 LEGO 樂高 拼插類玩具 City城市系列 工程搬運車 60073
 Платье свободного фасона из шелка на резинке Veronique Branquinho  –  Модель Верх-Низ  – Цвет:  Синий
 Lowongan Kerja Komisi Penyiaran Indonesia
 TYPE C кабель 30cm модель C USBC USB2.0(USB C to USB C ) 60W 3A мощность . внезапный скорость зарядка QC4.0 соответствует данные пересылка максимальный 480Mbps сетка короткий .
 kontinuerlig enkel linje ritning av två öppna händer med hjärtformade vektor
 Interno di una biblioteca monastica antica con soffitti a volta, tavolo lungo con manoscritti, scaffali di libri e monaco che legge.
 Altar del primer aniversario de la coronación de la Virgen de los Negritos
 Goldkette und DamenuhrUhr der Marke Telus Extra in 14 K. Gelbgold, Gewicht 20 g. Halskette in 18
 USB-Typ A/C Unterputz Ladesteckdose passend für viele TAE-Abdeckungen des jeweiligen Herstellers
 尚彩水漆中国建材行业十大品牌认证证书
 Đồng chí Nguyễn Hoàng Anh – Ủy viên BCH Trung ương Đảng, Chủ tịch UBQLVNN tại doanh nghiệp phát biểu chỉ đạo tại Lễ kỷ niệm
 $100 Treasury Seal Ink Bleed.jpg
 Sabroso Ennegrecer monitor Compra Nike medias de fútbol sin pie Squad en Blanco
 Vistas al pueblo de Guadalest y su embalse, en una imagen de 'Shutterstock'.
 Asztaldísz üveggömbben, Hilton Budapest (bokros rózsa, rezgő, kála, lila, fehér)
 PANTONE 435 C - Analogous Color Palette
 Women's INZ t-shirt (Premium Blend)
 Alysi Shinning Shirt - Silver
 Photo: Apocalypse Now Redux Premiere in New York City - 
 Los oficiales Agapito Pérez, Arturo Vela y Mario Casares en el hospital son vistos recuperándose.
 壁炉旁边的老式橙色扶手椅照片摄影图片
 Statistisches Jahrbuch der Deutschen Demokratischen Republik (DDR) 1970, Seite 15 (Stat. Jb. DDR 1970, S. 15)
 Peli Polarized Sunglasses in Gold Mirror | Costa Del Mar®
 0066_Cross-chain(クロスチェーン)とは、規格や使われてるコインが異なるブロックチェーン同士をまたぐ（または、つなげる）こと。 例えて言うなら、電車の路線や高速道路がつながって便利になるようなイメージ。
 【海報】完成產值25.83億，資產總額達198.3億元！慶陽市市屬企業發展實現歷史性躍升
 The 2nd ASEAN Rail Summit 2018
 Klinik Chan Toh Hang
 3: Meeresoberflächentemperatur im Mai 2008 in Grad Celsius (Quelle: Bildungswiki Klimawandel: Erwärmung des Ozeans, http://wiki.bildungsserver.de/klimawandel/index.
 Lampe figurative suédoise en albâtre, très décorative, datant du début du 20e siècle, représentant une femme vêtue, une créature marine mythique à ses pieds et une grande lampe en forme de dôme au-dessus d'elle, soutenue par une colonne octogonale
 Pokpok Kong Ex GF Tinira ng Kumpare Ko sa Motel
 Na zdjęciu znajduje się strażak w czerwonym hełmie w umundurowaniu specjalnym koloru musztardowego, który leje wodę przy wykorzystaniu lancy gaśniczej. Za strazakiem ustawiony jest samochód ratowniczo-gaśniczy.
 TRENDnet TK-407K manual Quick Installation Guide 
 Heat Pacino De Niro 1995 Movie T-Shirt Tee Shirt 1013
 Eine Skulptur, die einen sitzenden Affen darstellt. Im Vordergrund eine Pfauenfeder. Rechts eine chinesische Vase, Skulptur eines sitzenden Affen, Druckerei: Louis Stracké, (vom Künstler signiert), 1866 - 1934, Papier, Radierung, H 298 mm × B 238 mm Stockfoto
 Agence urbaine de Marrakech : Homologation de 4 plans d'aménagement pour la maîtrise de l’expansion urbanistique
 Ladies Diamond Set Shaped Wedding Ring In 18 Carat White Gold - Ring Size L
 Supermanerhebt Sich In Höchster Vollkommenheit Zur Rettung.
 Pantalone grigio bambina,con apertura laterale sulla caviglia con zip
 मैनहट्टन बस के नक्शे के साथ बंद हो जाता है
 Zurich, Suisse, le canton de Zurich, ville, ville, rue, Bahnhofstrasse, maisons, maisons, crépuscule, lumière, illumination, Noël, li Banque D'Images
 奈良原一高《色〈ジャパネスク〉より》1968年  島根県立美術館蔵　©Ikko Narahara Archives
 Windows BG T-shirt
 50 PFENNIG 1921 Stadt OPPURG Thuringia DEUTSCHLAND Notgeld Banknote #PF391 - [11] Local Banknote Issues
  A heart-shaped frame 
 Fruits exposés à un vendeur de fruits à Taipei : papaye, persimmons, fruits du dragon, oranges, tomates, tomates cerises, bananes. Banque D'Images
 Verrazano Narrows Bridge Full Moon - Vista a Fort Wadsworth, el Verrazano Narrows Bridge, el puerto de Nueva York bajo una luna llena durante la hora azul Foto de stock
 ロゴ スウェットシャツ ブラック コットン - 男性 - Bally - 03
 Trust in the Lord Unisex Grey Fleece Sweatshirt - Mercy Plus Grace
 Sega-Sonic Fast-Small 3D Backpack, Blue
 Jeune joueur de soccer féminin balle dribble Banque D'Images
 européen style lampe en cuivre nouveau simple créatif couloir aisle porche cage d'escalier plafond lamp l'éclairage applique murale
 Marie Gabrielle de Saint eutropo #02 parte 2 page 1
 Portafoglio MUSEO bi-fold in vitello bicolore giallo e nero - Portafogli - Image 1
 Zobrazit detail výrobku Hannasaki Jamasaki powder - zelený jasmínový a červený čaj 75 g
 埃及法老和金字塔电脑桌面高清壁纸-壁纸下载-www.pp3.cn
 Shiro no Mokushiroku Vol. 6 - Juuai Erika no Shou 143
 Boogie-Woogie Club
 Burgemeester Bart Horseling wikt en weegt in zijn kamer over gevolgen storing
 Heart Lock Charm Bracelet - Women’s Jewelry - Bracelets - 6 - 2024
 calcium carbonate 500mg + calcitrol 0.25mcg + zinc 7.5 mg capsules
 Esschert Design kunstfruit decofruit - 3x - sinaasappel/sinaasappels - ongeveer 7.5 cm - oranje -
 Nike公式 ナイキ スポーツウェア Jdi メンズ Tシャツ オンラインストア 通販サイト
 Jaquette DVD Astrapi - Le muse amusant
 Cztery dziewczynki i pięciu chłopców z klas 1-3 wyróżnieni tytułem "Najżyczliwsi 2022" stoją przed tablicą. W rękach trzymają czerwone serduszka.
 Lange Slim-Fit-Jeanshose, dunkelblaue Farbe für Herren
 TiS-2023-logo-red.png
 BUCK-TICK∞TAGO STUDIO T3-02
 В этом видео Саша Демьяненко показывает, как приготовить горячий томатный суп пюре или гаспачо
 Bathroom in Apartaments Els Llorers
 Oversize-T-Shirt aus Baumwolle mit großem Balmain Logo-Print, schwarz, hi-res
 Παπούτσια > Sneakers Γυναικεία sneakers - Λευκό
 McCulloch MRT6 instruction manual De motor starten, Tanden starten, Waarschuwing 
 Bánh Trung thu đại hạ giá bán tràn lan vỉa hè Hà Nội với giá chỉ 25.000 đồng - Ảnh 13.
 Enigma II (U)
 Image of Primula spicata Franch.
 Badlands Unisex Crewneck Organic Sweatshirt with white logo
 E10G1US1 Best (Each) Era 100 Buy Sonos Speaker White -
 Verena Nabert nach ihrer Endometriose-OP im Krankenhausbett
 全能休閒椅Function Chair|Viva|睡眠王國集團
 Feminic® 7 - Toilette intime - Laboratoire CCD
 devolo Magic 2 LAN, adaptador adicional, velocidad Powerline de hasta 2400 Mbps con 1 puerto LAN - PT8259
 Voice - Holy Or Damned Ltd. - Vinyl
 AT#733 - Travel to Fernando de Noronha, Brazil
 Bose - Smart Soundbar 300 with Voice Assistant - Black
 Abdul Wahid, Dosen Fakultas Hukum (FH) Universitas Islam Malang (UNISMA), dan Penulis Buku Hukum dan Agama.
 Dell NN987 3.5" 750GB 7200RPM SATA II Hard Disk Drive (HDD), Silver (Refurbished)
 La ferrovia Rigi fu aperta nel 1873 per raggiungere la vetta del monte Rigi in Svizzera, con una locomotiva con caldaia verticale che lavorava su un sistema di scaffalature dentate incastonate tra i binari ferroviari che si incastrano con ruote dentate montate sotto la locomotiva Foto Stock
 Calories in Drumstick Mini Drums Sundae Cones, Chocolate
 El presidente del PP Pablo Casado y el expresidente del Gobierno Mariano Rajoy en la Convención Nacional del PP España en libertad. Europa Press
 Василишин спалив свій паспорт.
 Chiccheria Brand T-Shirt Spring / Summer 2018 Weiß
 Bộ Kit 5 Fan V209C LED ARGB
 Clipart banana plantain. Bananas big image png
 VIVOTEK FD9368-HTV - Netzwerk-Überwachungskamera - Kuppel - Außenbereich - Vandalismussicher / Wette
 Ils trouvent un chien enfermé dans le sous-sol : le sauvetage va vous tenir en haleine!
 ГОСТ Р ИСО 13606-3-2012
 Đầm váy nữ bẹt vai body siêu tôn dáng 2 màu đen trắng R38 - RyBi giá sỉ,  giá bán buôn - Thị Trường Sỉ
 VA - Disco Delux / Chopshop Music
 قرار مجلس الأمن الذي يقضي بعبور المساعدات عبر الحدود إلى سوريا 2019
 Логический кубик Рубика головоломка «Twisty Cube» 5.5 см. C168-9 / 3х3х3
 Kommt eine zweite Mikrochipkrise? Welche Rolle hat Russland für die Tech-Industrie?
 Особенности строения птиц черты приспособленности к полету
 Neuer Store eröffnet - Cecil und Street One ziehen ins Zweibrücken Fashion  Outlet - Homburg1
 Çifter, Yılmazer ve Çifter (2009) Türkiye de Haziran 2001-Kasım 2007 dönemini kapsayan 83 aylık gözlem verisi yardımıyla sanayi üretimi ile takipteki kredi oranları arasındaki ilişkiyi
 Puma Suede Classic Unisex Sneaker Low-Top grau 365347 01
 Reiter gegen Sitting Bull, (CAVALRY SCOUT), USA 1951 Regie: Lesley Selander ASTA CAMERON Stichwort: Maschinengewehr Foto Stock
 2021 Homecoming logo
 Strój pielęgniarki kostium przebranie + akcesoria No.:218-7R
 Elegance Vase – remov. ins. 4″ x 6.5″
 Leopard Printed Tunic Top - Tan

━━━━━━━━

### Exercise brief
Take the entries above and return only the lines from the one with "devolo Magic 2" to the one with "El presidente del", both included, unchanged.

### Solved problem
 devolo Magic 2 LAN, adaptador adicional, velocidad Powerline de hasta 2400 Mbps con 1 puerto LAN - PT8259
 Voice - Holy Or Damned Ltd. - Vinyl
 AT#733 - Travel to Fernando de Noronha, Brazil
 Bose - Smart Soundbar 300 with Voice Assistant - Black
 Abdul Wahid, Dosen Fakultas Hukum (FH) Universitas Islam Malang (UNISMA), dan Penulis Buku Hukum dan Agama.
 Dell NN987 3.5" 750GB 7200RPM SATA II Hard Disk Drive (HDD), Silver (Refurbished)
 La ferrovia Rigi fu aperta nel 1873 per raggiungere la vetta del monte Rigi in Svizzera, con una locomotiva con caldaia verticale che lavorava su un sistema di scaffalature dentate incastonate tra i binari ferroviari che si incastrano con ruote dentate montate sotto la locomotiva Foto Stock
 Calories in Drumstick Mini Drums Sundae Cones, Chocolate
 El presidente del PP Pablo Casado y el expresidente del Gobierno Mariano Rajoy en la Convención Nacional del PP España en libertad. Europa Press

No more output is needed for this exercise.